Data excerpt:

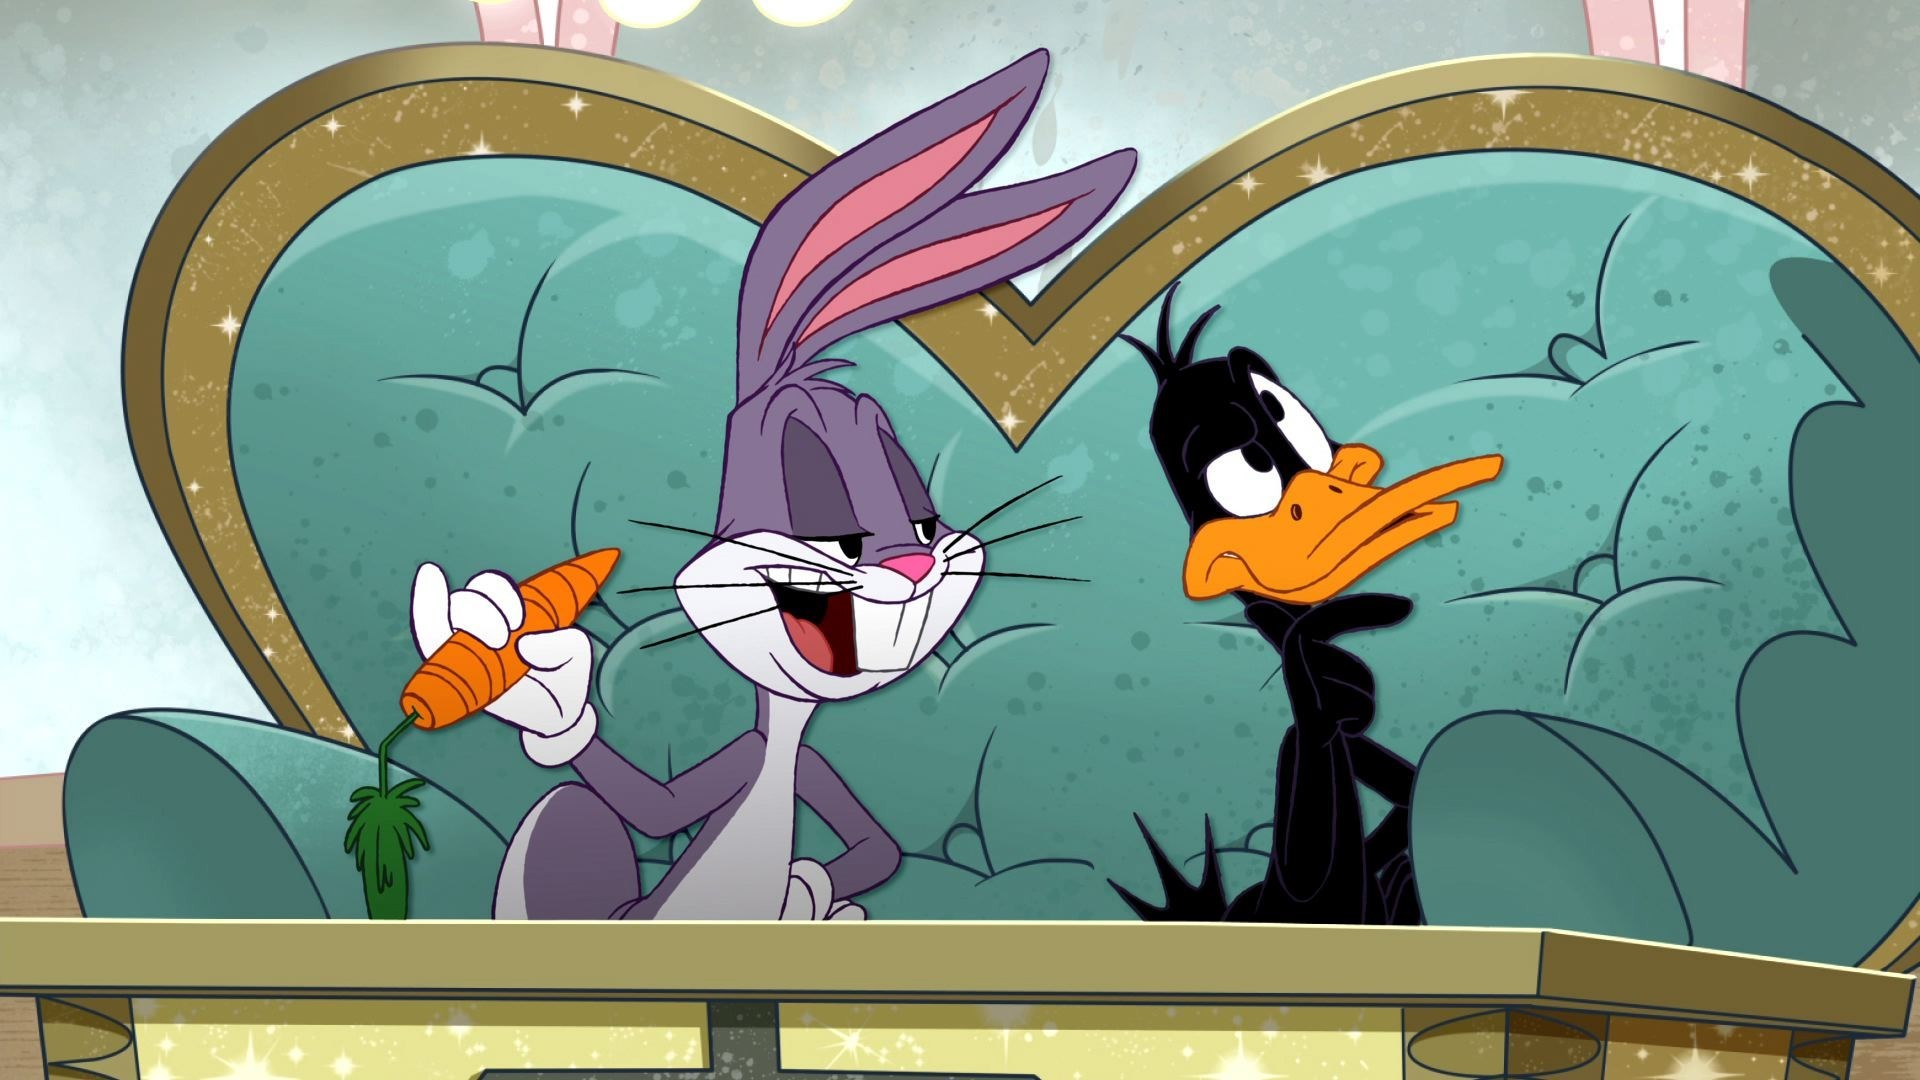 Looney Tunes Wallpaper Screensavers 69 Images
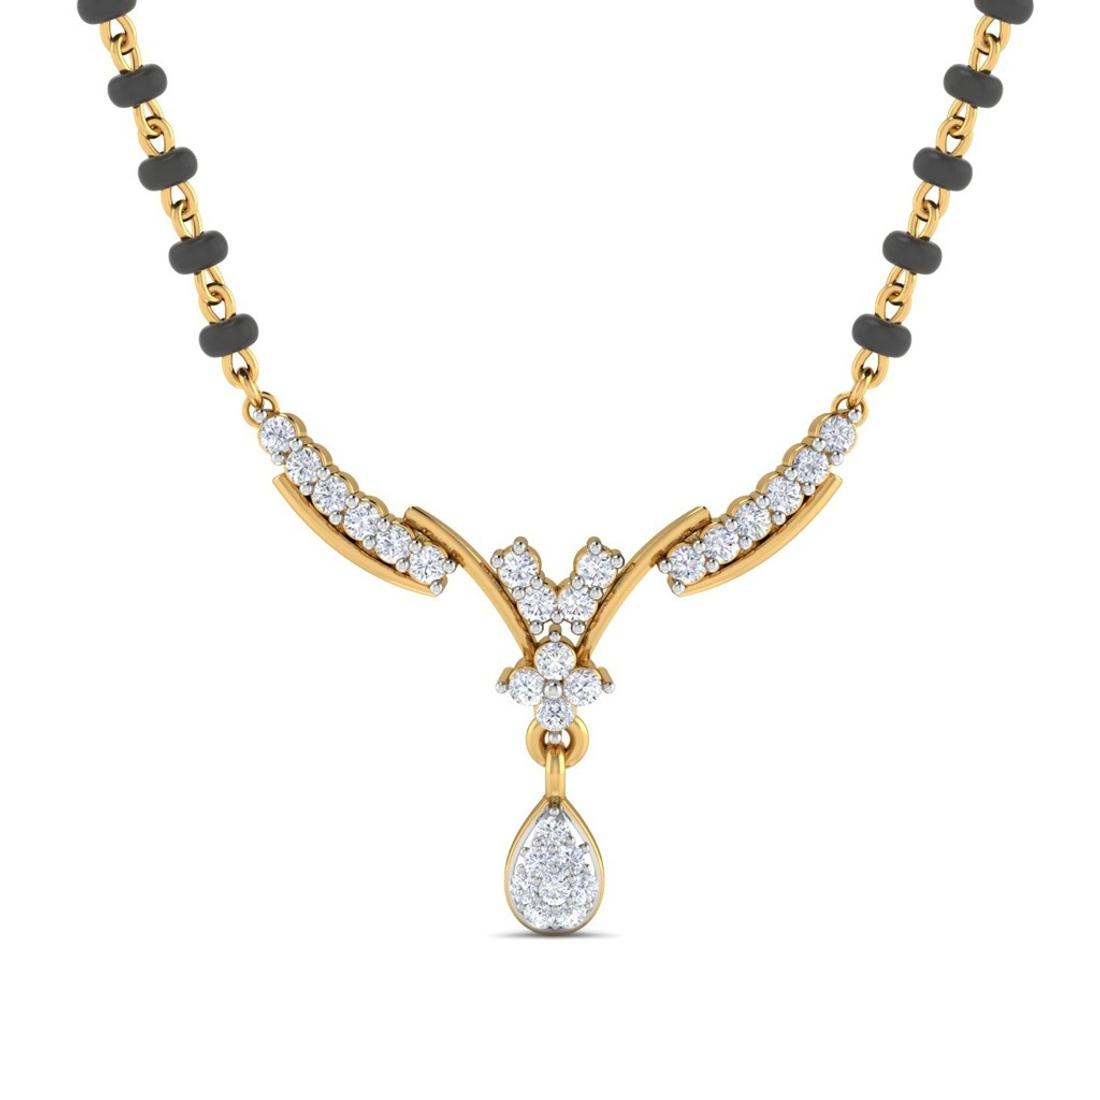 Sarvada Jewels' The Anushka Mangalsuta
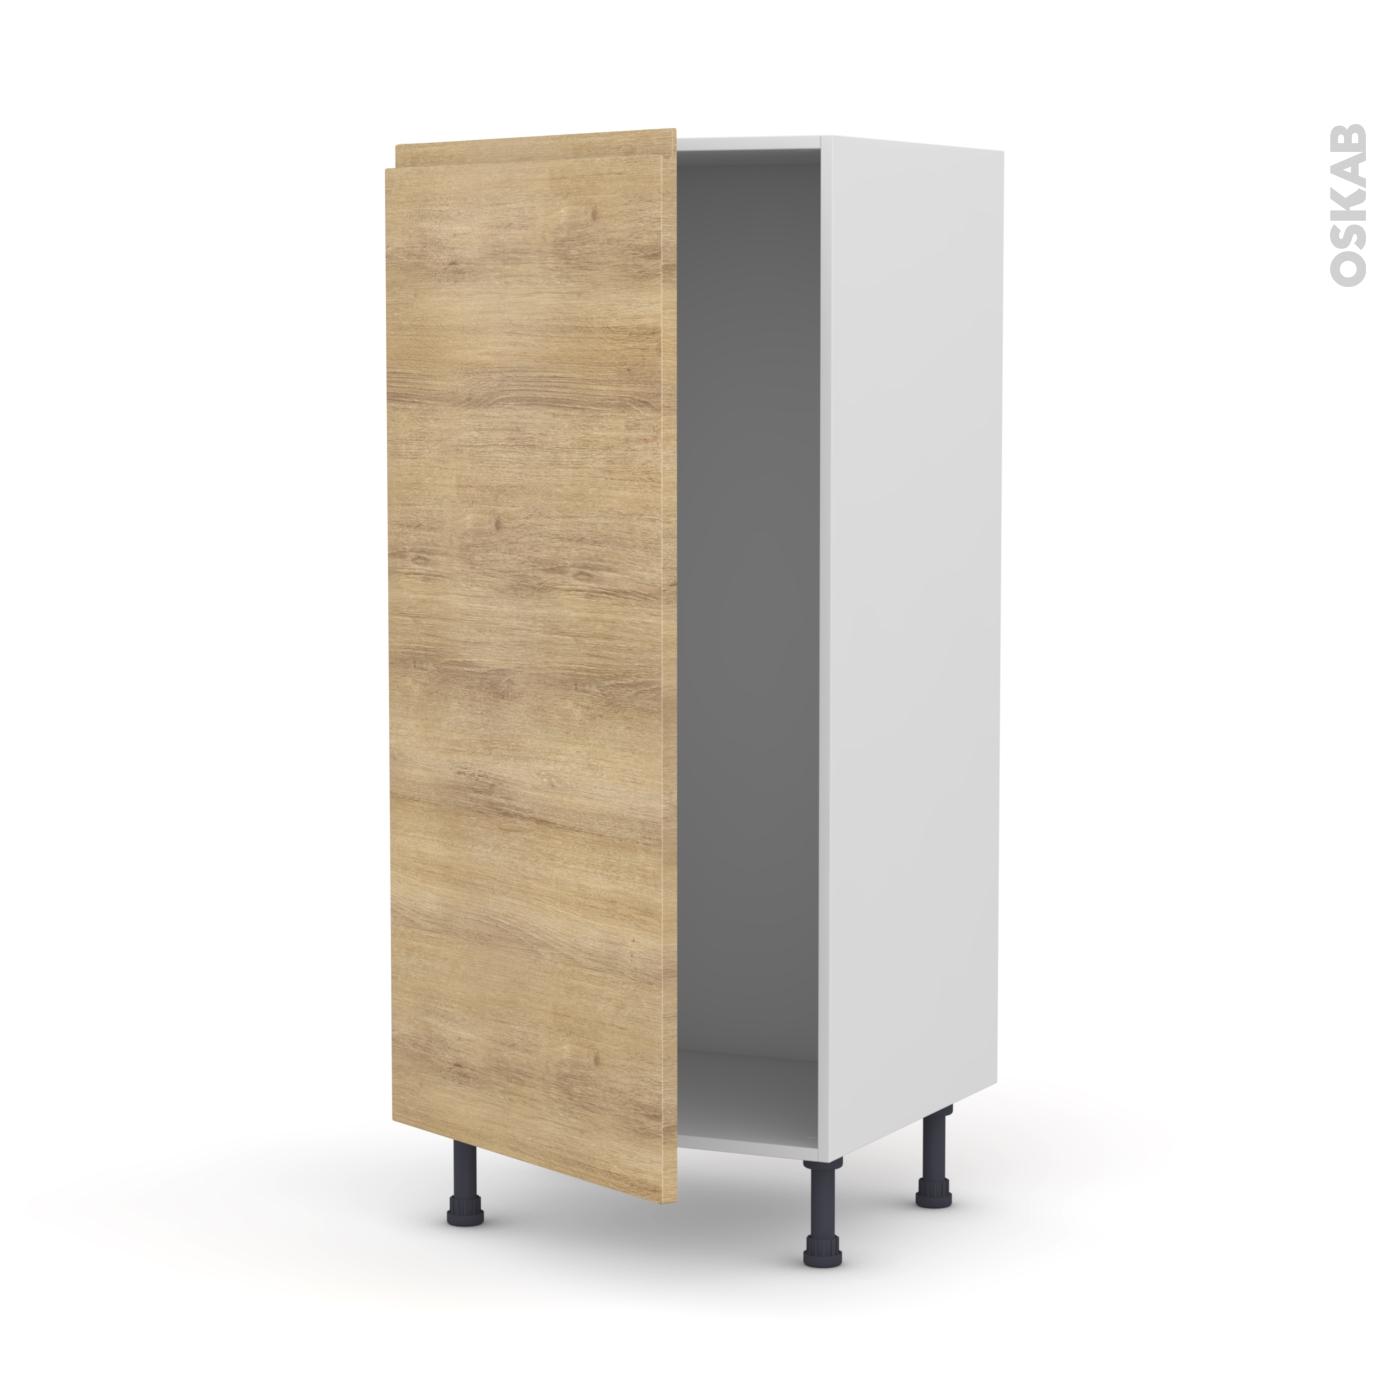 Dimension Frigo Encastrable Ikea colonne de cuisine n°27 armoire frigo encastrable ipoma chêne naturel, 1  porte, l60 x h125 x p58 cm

Aim of the task: Transcribe the listing above exactly, leaving every picture out.

Answer section:
 Looney Tunes Wallpaper Screensavers 69 Images
 Sarvada Jewels' The Anushka Mangalsuta
 Dimension Frigo Encastrable Ikea colonne de cuisine n°27 armoire frigo encastrable ipoma chêne naturel, 1  porte, l60 x h125 x p58 cm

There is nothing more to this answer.